### Required action
Below are the records; count how many of their lines contain the word "Images" and give that number only.

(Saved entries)
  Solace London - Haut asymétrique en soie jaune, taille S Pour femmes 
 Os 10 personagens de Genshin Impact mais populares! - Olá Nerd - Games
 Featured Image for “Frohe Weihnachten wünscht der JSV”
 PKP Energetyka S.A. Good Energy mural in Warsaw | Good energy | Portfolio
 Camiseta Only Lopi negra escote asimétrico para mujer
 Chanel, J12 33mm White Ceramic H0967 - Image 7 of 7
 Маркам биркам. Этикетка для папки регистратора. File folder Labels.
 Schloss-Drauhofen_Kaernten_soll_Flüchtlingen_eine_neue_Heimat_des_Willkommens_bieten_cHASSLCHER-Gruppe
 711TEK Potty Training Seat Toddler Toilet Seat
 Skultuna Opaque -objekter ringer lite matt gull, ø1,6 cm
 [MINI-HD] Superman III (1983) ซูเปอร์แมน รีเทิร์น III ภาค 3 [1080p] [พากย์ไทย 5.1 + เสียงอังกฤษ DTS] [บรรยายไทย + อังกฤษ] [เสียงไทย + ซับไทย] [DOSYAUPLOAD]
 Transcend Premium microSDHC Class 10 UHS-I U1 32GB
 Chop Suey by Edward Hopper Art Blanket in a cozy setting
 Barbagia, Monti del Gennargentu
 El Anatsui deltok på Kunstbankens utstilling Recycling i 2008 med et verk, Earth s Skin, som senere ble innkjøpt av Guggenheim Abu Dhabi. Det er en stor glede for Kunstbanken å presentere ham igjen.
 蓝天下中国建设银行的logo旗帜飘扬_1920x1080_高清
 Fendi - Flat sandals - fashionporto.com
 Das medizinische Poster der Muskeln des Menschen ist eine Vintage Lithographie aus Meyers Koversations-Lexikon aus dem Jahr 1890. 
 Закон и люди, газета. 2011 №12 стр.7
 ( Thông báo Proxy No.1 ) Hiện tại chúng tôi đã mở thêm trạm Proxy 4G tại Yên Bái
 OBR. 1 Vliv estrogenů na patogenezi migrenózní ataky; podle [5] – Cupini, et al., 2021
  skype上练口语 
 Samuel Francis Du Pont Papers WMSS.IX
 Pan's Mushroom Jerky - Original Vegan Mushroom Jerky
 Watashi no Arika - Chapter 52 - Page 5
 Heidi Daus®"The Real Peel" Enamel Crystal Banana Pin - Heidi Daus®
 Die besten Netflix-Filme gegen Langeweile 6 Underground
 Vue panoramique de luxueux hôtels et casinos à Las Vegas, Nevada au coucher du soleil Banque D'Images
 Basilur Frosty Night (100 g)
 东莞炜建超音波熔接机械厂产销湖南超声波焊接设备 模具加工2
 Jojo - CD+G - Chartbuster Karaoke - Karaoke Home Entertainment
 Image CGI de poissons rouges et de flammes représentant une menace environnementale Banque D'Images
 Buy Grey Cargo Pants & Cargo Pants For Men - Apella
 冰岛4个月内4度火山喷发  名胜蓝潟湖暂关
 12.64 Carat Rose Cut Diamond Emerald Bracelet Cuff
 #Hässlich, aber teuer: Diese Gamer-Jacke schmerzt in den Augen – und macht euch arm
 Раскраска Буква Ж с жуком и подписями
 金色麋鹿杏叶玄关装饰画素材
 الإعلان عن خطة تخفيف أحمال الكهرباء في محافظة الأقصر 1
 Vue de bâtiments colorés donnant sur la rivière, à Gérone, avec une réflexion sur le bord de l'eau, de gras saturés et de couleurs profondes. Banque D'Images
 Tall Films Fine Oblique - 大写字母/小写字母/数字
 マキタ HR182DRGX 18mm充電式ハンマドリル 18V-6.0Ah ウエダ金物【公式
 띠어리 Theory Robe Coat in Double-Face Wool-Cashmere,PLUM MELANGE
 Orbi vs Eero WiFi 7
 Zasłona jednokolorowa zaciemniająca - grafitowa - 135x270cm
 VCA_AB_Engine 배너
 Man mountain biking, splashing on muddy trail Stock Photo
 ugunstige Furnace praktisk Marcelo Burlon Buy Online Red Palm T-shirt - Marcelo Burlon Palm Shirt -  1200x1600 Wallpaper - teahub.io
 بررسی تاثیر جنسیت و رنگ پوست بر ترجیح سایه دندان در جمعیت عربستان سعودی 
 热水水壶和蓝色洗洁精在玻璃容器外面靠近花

### Task result
3